Rue La La Rejiggers Its Retargeting Program

Ecommerce site Rue La La, which offers deals on designer fashion and goods, wants its members to have a great experience so they keep coming back.

“How do we stay top of mind for our best members and encourage them to come back over long periods of time?” said Jeff Steeves, VP of marketing at Rue La La.

As with many ecommerce players, one pillar of its retention strategy is retargeting. Rue La La buys media through Facebook, which performs well against the click-based metrics generally used to measure retargeting campaigns. But it found that those campaigns weren’t yielding incremental revenue growth.

“If you talk to a C-level executive at any ecommerce retailer leveraging retargeting, they care about growing revenue and profitability,” said Ric Calvillo, CEO at Nanigans, Rue La La’s programmatic partner of several years. “That’s been the question around retargeting forever: Is this really incremental, and would these visitors have converted anyway?”

Most ecommerce advertisers optimize their retargeting models toward clicks and views, assuming that because a user engaged with an ad, they’re more likely to convert. But neither of those metrics correlates to incremental revenue, Calvillo said.

“As long as you measure click-attributed return on ad spend, you’re going to confuse correlation with causation,” he said.

For example, if a repeat shopper watches Rue La La video ads and browses the site frequently, companies like Criteo and Google would spend more to retarget that person because they’re meeting their definition of engagement – clicking, viewing and browsing. But a regular Rue La La shopper knows what she wants, so showing her an ad probably won’t drive her to spend more.

“I don’t think people realize how broken the current optimization methodologies are,” Calvillo said.

To fix that discrepancy, Nanigans launched a tool in June that uses machine learning and predictive analytics to optimize bids for incremental sales lift.

Rue La La tried the new tool, which began running after a few weeks of ingesting data from Rue La La’s site and media buys. Incremental revenue grew six and a half times over a three-month period.

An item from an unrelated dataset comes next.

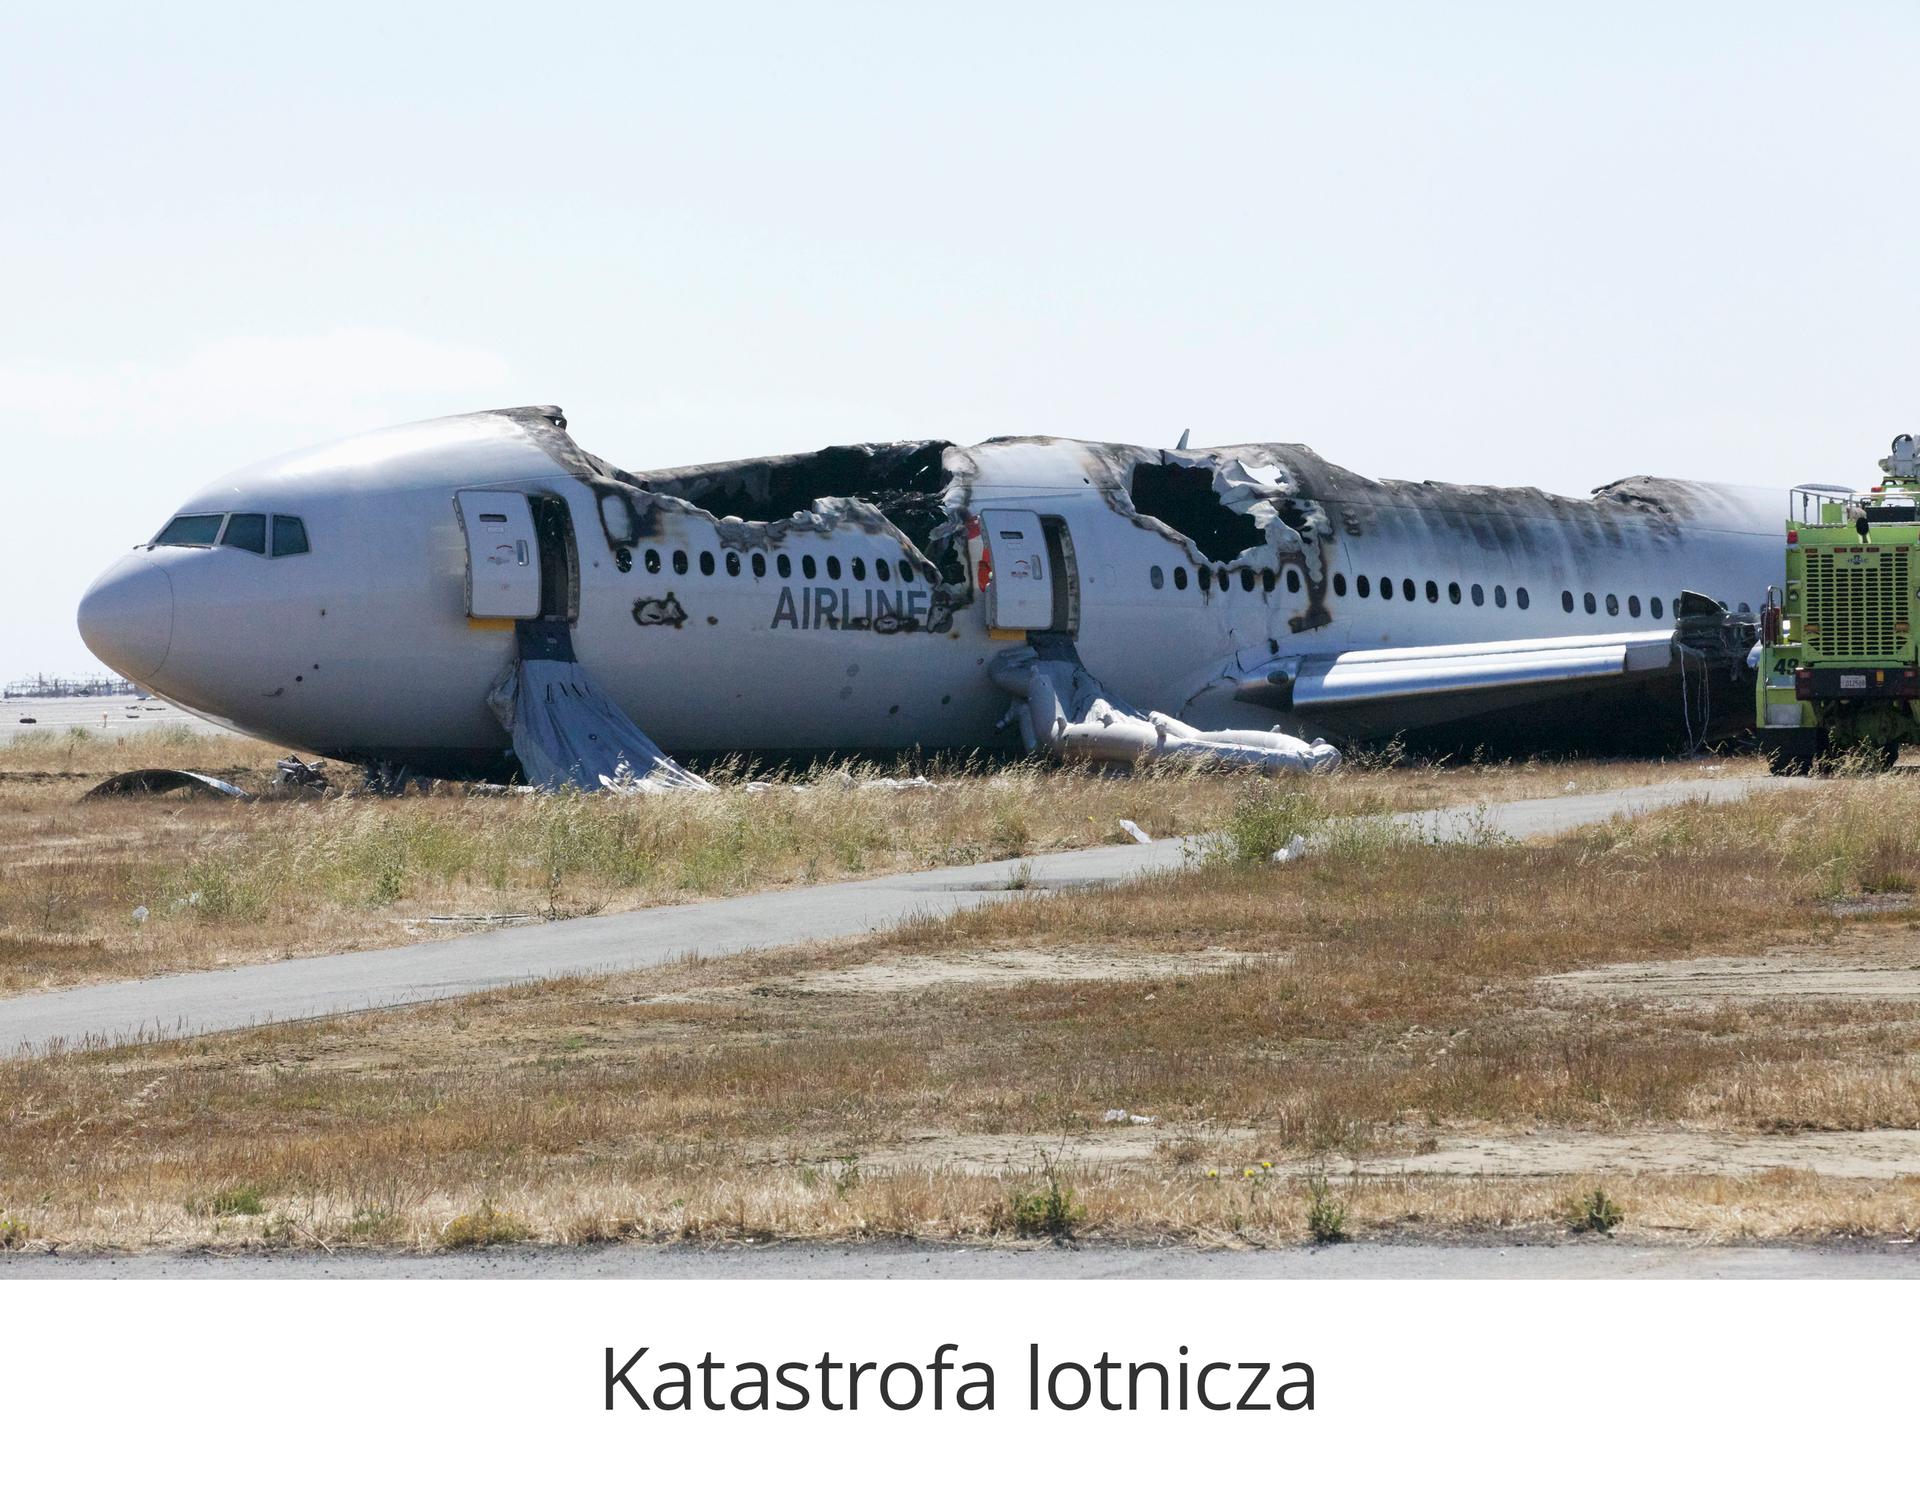 Zdjęcie 3 to katastrofa lotnicza. Rozbite kawałki samolotu ułożone wzdłuż piaszczystego terenu. Kokpit samolotu znajduje się po lewej stronie zdjęcia.

“Our prior efforts were more audience-focused,” Steeves said. “Nanigans brought the ability to identify which members we should be showing ads to, how frequently and with which message.”

Optimizing for incremental lift also helps clean up some of the retargeting issues that plague the industry, like that infamous already-purchased shoe that stalks its buyer around the web. If someone has already been targeted a few times, Nanigans’ incremental lift model will optimize a bid away from that user – even if they show classic signs of engagement, like clicking, browsing the site and watching videos.

“The number of impressions we’ve shown you matters a lot,” Calvillo said. “Pretty quickly the model will stop following you if you’re not showing signs of responding to the ad. If you’ve already bought the product, for instance, you shouldn’t see the ad anymore.”

For Rue La La, bombarding its members less with ads for things they’d already bought or seen improved the user experience, Steeves said.

“Optimizing a retargeting strategy is a huge opportunity for us and for most retailers,” he said.

Nanigans, which works with 120 advertisers, is running pilots for the incremental lift tool with about six other ecommerce sites.